Ben ise bu tür konuşmaları çok önemserim. Bu, kısa da olsa, sohbetlerde insan analizi yapmak çok kolaydır. Bir önemli hususta, yol üzerindeki kahvehanelerde karşılaştığınız bu insanlar çok yalındır ve çok sade insanlardır.
Genelde hissidirler, paylaşımcı ve özverili oldukları her hallerinden belli olur. Bu insanlar kendilerine dürüst davranılmasını isterler. Çünkü bu insanlar, karşılaştıkları insanlara doğru davranırlar.

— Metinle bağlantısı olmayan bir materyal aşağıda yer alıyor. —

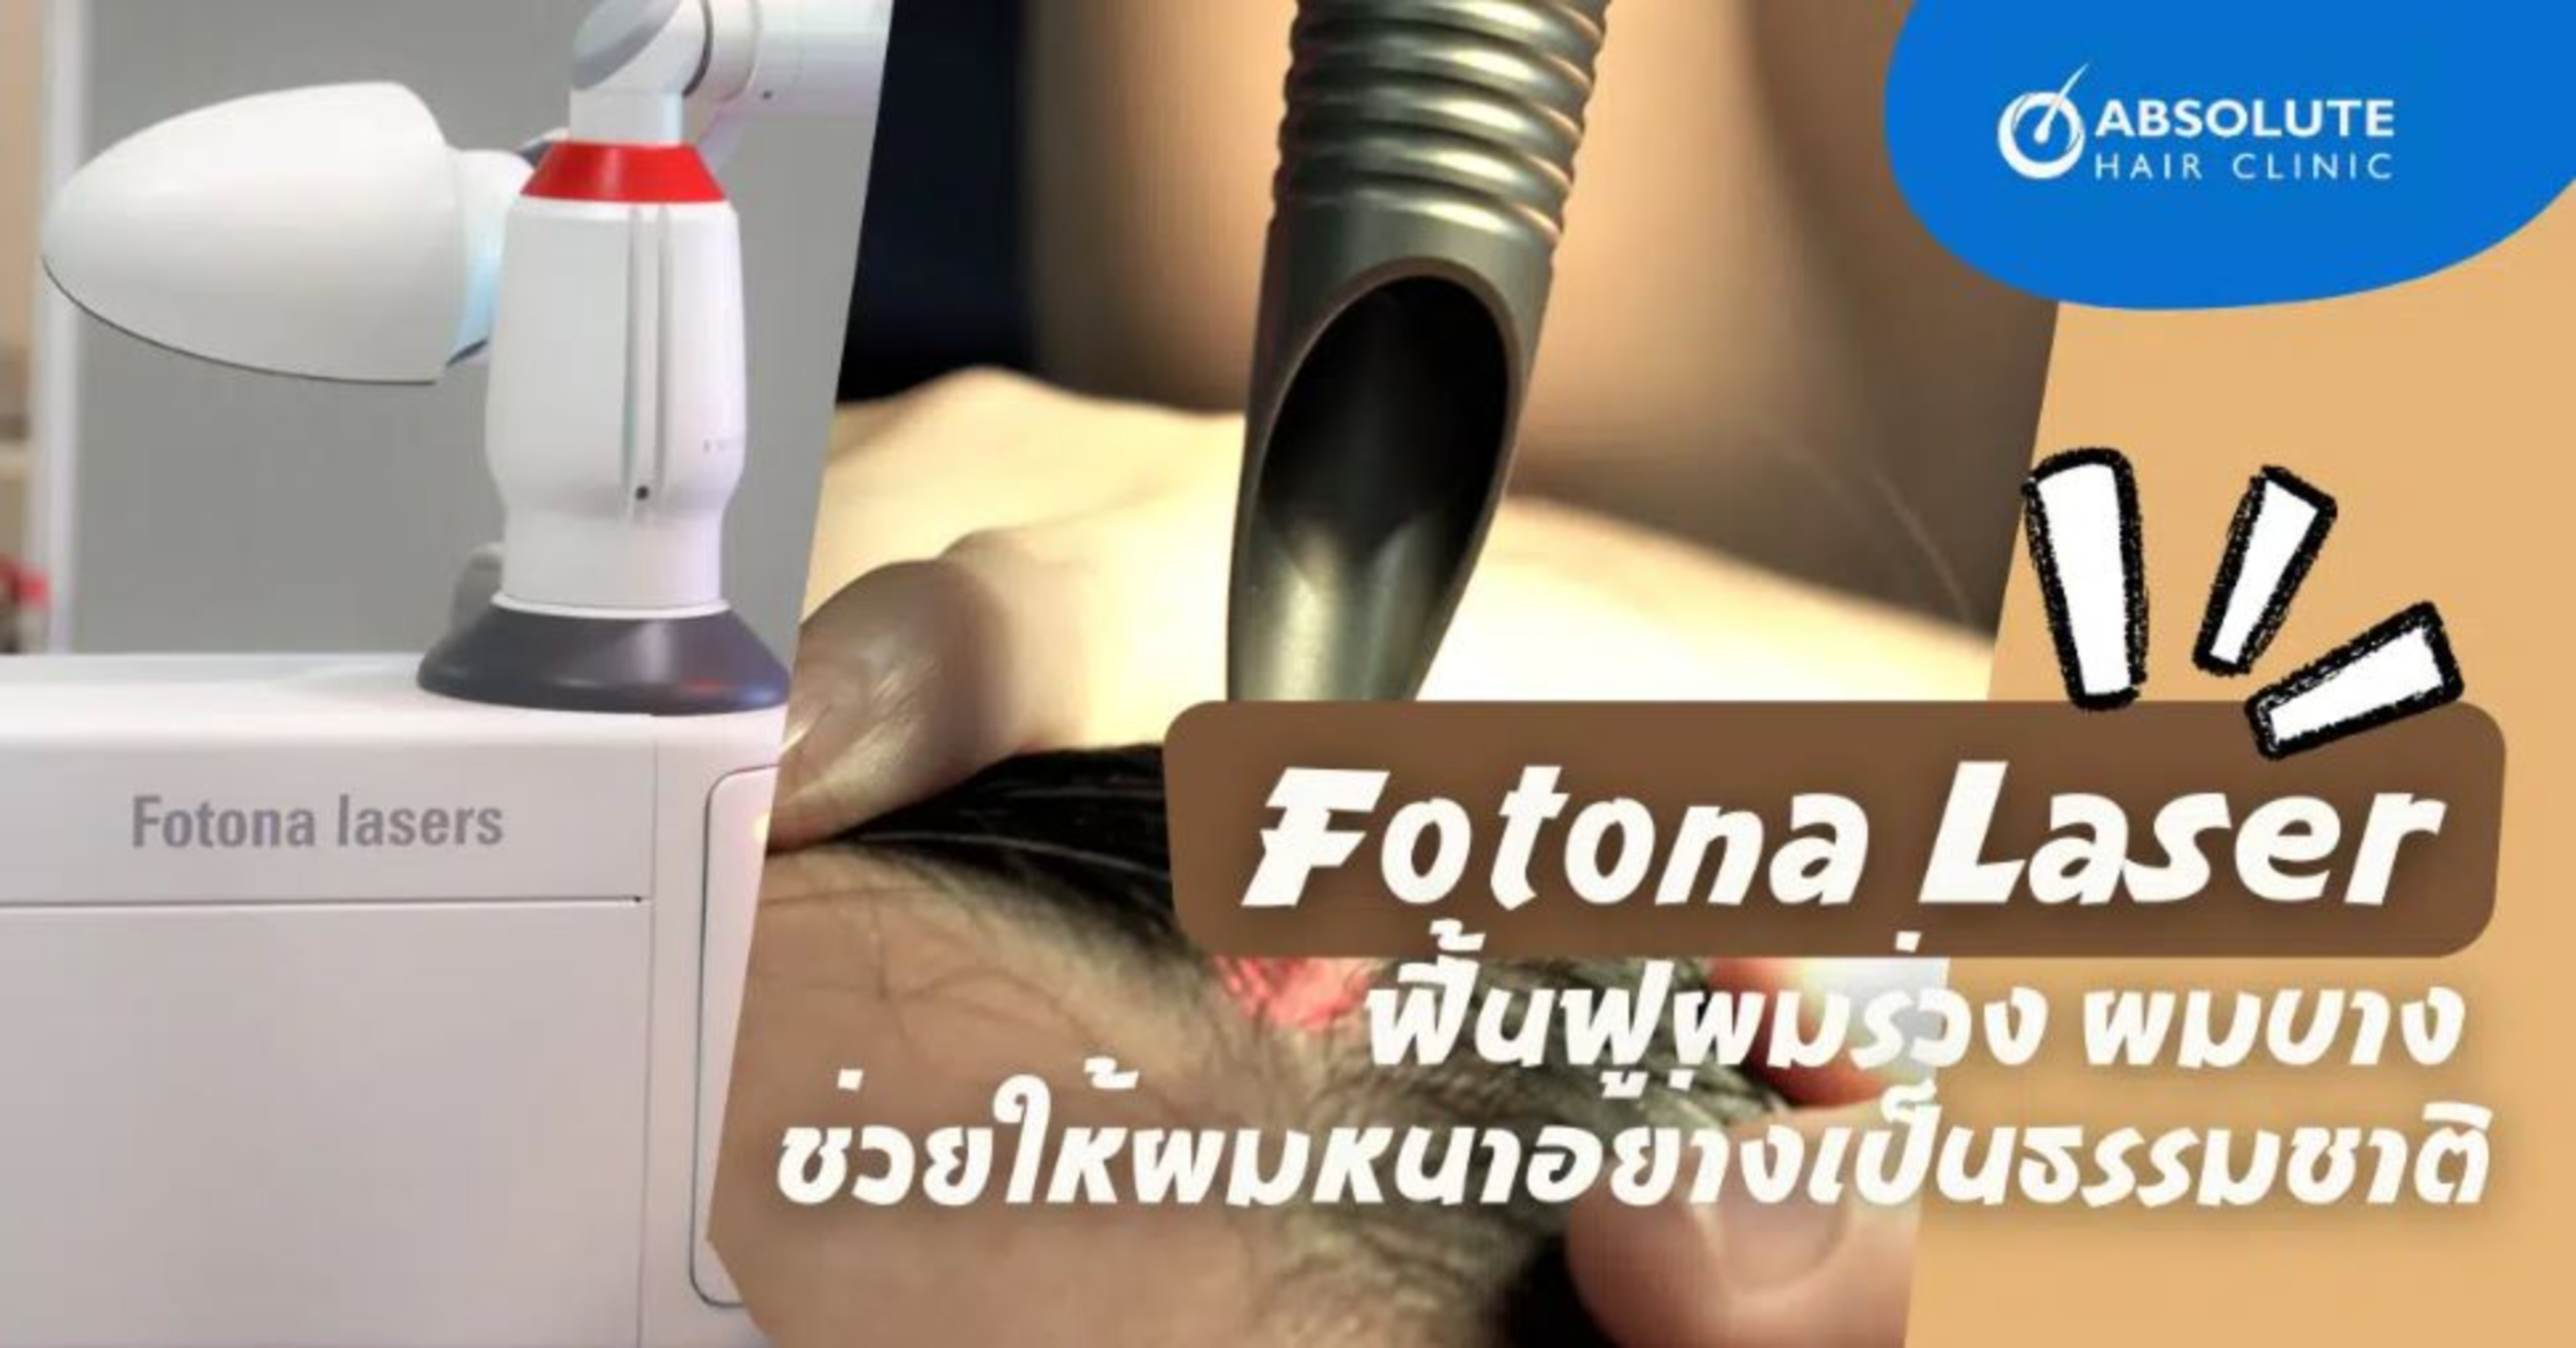 Laser Fotona - giải pháp điều trị tóc rụng, tóc thưa mỏng và làm dày tóc một cách tự nhiên

Geçtiğimiz bir kaç hafta evvel İsrail ile Filistin arasında çıkan krize çözüm bulmaya çalışan Beynamaz, bir oraya, bir buraya Atlantik ötesinden koşturulması, neticeye ulaşamayınca, Denizli tabiriyle “Sibbek’’ gibi ortada kalmasına üzüldük.
Sadece bir konuyu bilmek, devlet idaresinde yetmeyebilir. Bir çok konuyu uzman kişilerle tartışmak, deneyimli insanlardan fikir sormak, sorunları anlamaya yeter. Bu konuyu gözardı edersek, her seferinde pusulasız seyyahlara döneriz. Suriye konusunda da başarılı olduğumuza pek inanmamaktayım.

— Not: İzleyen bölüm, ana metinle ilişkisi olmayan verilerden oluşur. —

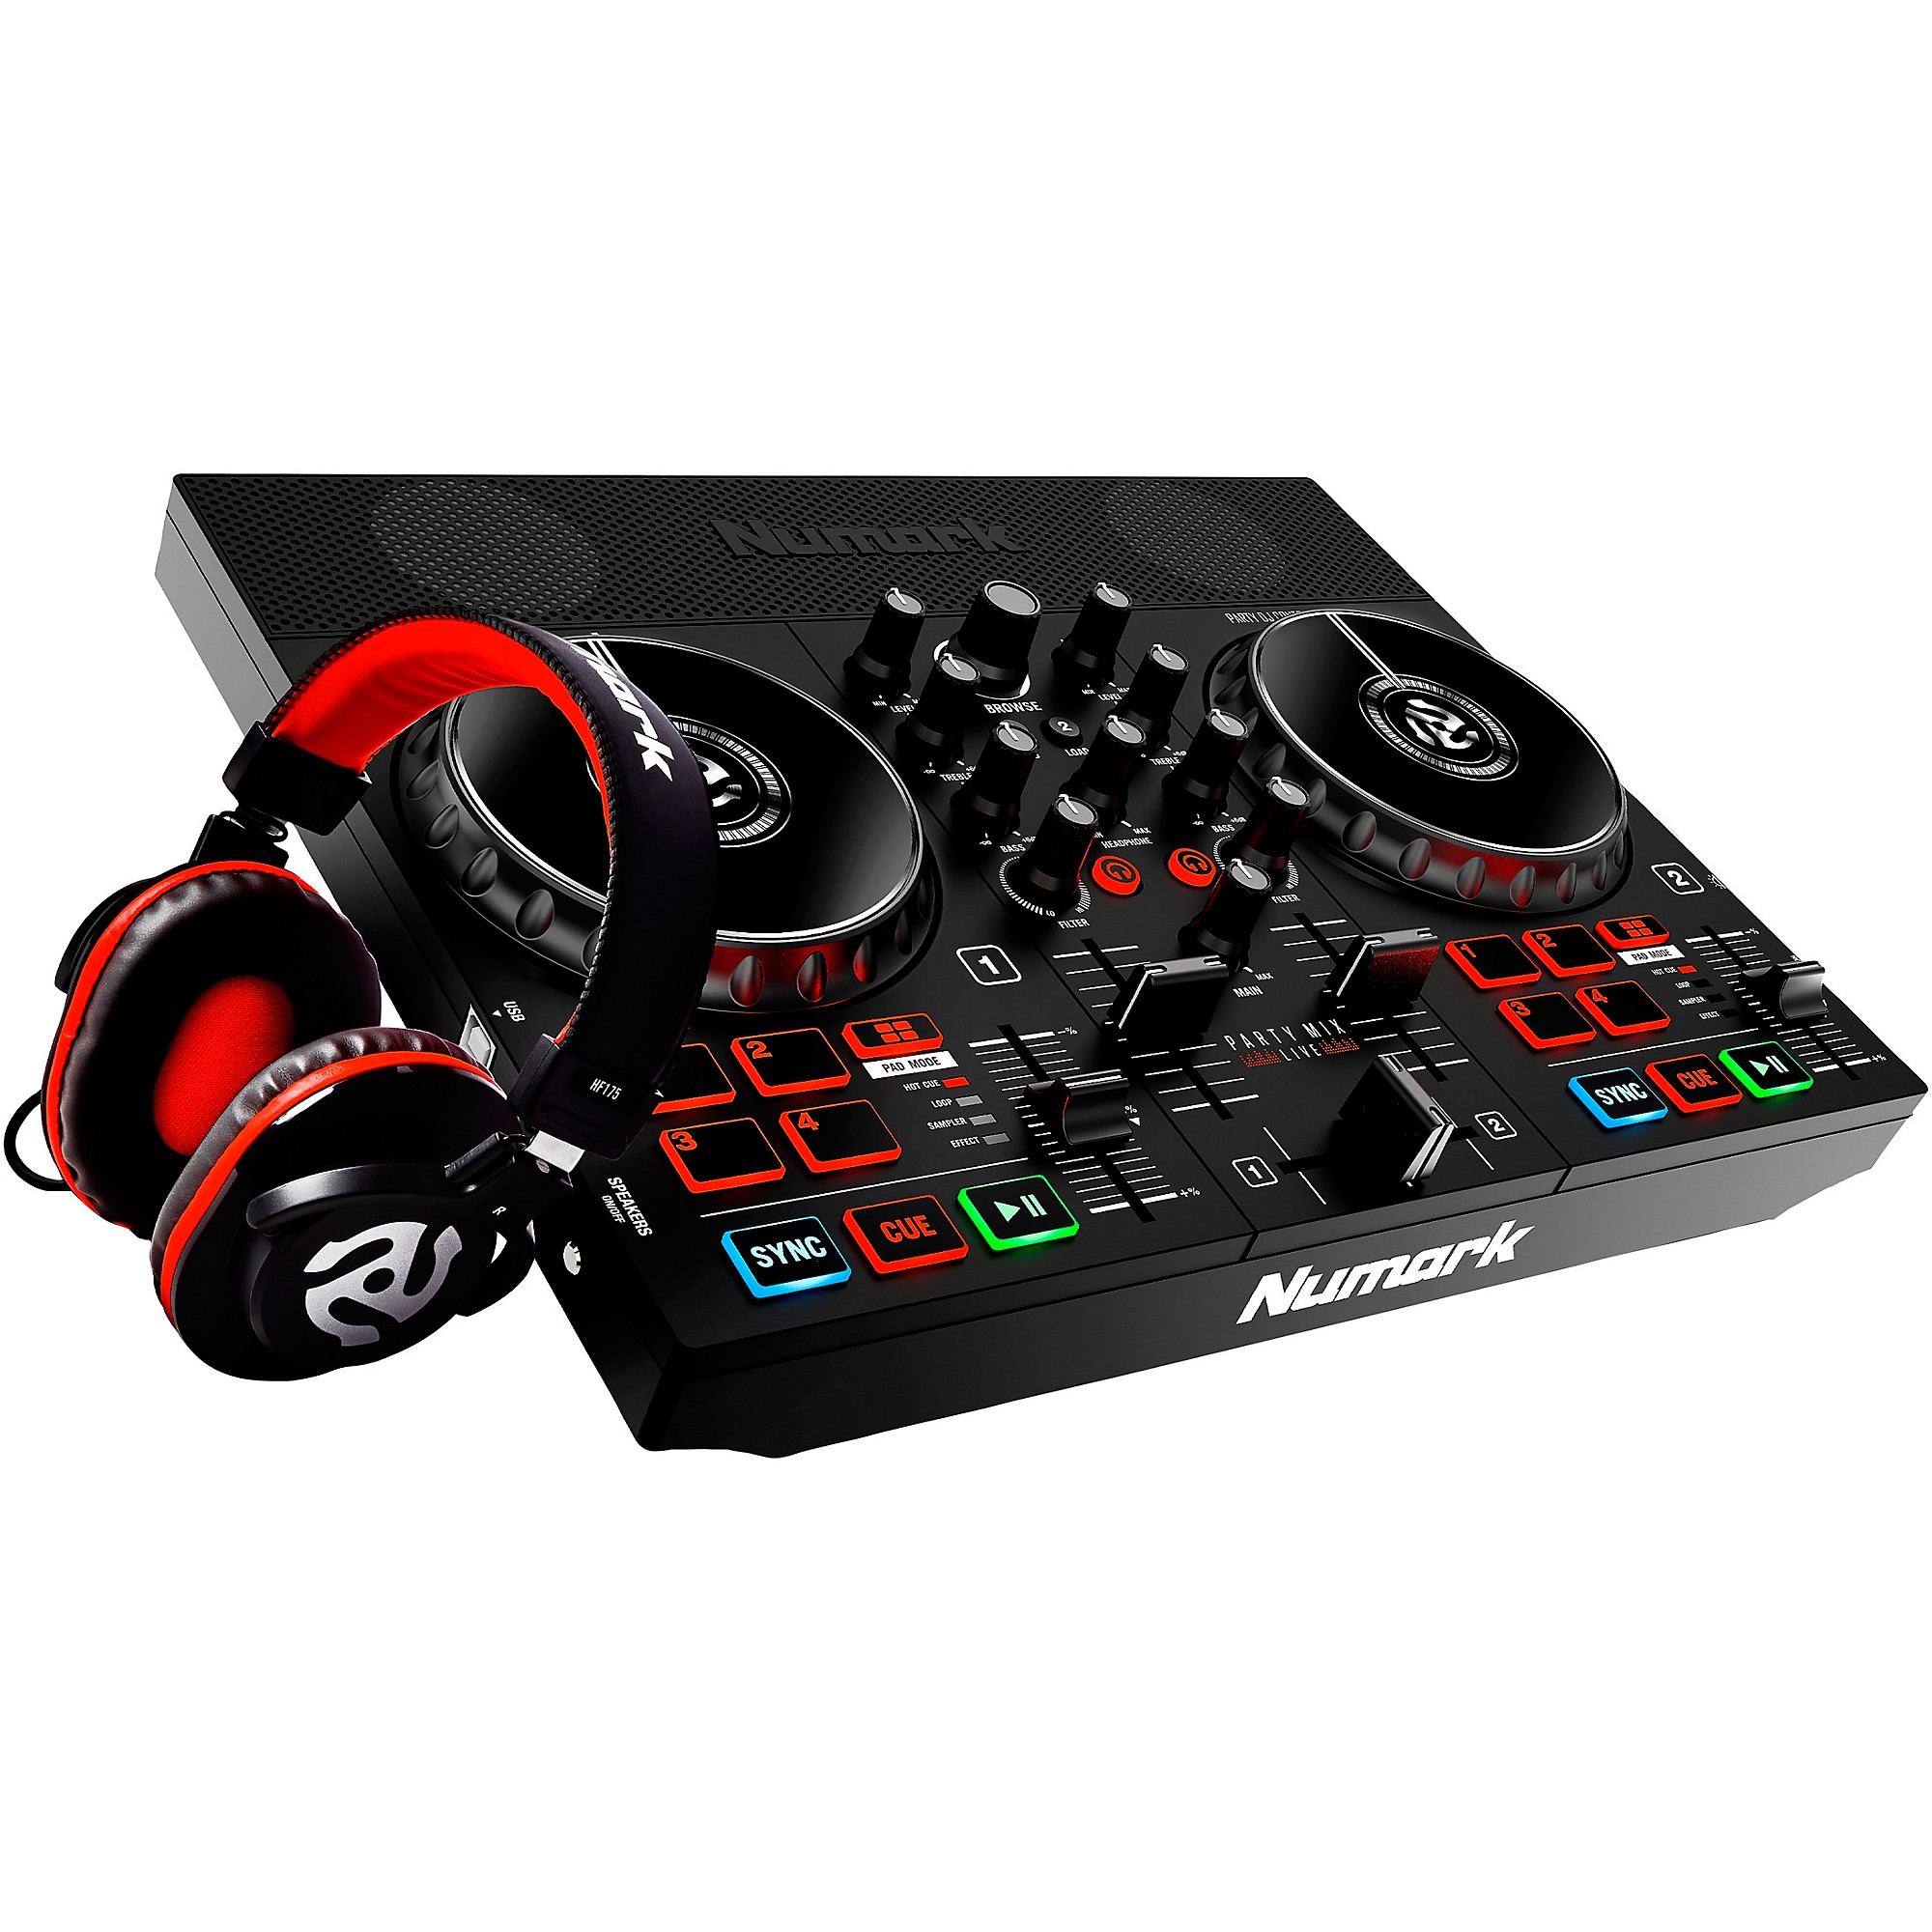 Numark Party Mix Live DJ Controller Bundle With Professional

Hep İran’ın günlük ürettiği 120 milyon varil petrol gelirinin nerelere gittiğini merak etmişimdir. Konuştuğum bazı İranlı yetkili kişilerin verdiği bilgilere dayanarak, Mollaların, bu gelirin büyük bir bölümünü din ve mezhep yayılması için harcadığını söylemişlerdi. Aksini kanıtlayabileceğim bir belge olmadığı için, ben de aynı görüşü paylaşmıştım.
Bir kaç gün evvel İran’ın en yetkili kişisini, Sayın Mahmoud Ahmedinejad’ı, 17 Aralık Şeb-i Aruz törenlerine davet eden Beynamaz’ın bu isteğini, İran geri çevirdi. Bu kolay geçiştirilecek bir konu değildir. Filistin ve İsrail krizinde Mısır’a kaptırdığı itibarın, Şeb-i Aruz törenleri aracı edilerek, Suriye krizinde itibar kazanmak istemesinin, doğru bir yaklaşım olmadığına inanmaktayım. Bu yine Denizli tabiri ile ülkeyi ‘’SİBBEK ‘’ gibi ortada bırakmaktadır. Bir insan akademik kariyerinde uluslararası ilişkiler konusunda sentez ve analiz yapıp kitap bile yazabilir. Üniversitede Dışişleri dalında kariyer yapmak başka kabiliyettir, Fiili Dışişleri Bakanlığı yapmak başka bir yetenektir. Bu timsahın göz yaşlarına benzemez.
Birilerinin bilmesinde yarar vardır, ‘Öğlen namazı niyeti ile akşam namazı kılınmaz’ diye bir sözüm geldi söyledim hem nalına hem mıhına.